Create a "differences" data frame-CodePudding

I'm trying to build a program to generate "differences reports" for users in my business group.

So I have constructed data frames out of prior version and current version of files we receive. The df's look like

Prior File:

Item Code	Price
AAA	12.9
BBB	8
DDD	3.2

New file:

Item Code	Price
AAA	14.5
BBB	8
CCC	5
DDD	3.2

I want to compare these 2 DF and output a new DF that looks like this:

Old Item Code	New Item Code	Item Code Diff	Old Price	New Price	Price Diff
AAA	AAA	FALSE	12.9	14.5	TRUE
BBB	BBB	FALSE	8	8	FALSE
	CCC	TRUE		5	TRUE
DDD	DDD	FALSE	3.2	3.2	FALSE

So I am showing item code CCC is new, Item Code AAA had a price change and item codes BBB DDD are unchanged.

Currently I have DFs that match prior_file and new_file and am comparing them like this

import pandas as pd
import numpy as np

df_old_file = pd.read_excel(old_excel_file)
df_new_file = pd.read_excel(new_excel_file)

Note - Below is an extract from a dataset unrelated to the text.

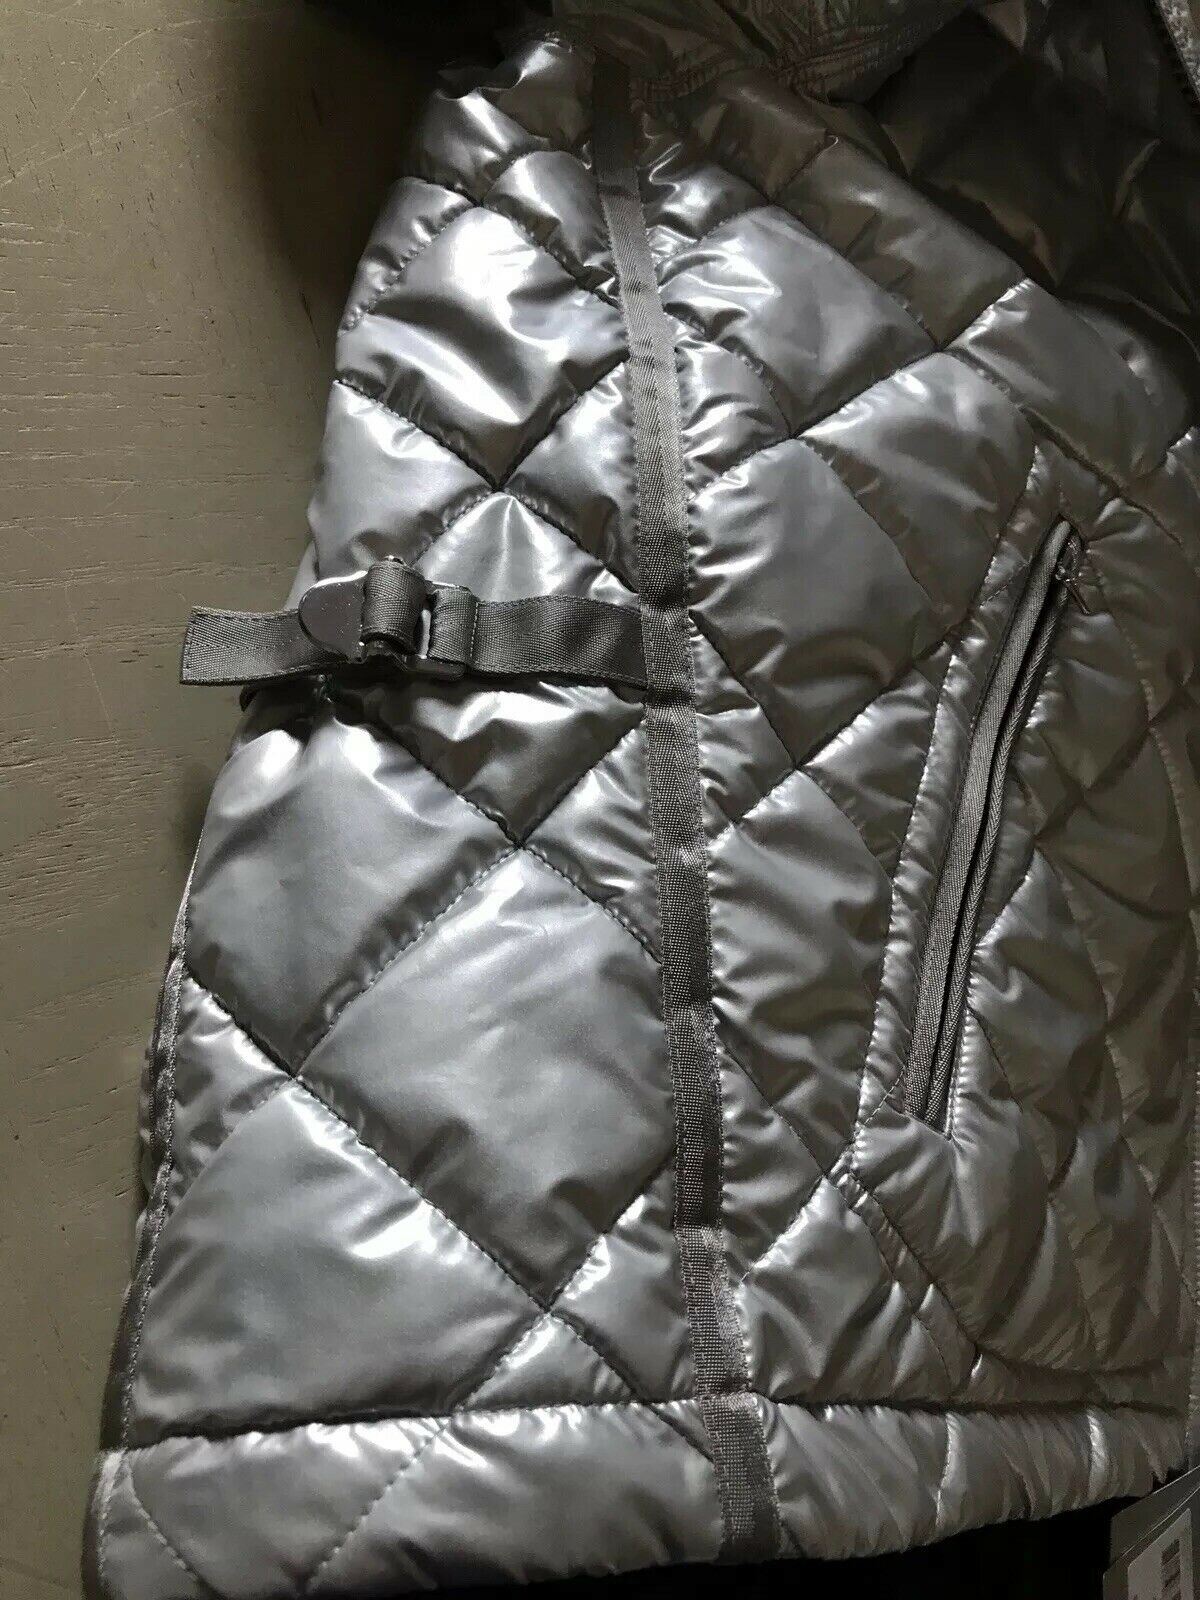 New$1295 Ralph Lauren Purple Label RLX Men Puffer Jacket Coat Silver Size XL

diff_cols = df_new_file.columns.values

for i in diff cols:
    df_new_file[i, 'diff'] = np.where(df_new_file[i] == df_old_file[i], 'True', 'False')

print(df_new_file.head())

I don't think this is working correctly, as any new code like CCC will cause every subsequent record to show as a diff.

Thank you!

Edit: I am now using a df.join and getting closer

df_results = df_old_file.join(df_new_file.set_index(item code), how = 'outer', on='item code', lsuffix='_old', rsuffix='_new')

print(df_results.head())

gives

Item Code	Price_old	Price_New
AAA	12.9	14.5

Now I just need to create the difference 'true', 'false' columns

CodePudding user response：

I would suggest using this kind of architecture to store the data and compare it

class singleData():
    def __init__(self, name, value):
        self.name = name
        self.value = value

class datas():
    def __init__(self):
        self.listOfData = []

    def add(self, newData): # take a data object
        self.listOfData.Append(newData)

    def nameExist(self, name):
        for data in listOfData:
            if data.name == name:
                return True
        return False

    def getValue(self, name):
        for data in listOfData:
            if data.name == name:
                return data.value
        return;

using it like this:

myDatas = datas()

# here I manually add elements but do it using panda
myDatas.add(singleData("AAA", 12.9))

#when comparing with new elements, just do a nameExist check and then get value using getValue
AAAExist = myDatas.nameExist("AAA")
if AAAExist:
    AAAOldValue = myDatas.getValue("AAA")

Hope it helps

CodePudding user response：

So I wanted to share the answer I came up with today:

import pandas as pd
import numpy as np
#read the files into DFs
df_old_file = pd.read_excel(old_excel_file)
df_new_file = pd.read_excel(new_excel_file)
#Merge DFs
df_results = pd.merge(df_old_file, df_new_file, 
how="outer", left_on="ITEM CODE", right_on="ITEM CODE", suffixes=('_old','_new')

#list of cols
diff_cols = df_new_file.columns.values
#remove key from comparison
diff_cols.remove('ITEM CODE')

#find if diff and create diff indicator column
for i in diff_cols:
    df_results[i,'diff'] = np.where(df_results[z '_old'] ==
    np.where(df_results[z '_new'], '', 'diff')

print(df_results)

This gives

ITEM CODE	PRICE_OLD	PRICE_NEW	('PRICE', 'diff')
aa	12.9	14.5	diff
bb	8	8

It's also extensible to a worksheet with any N number of columns.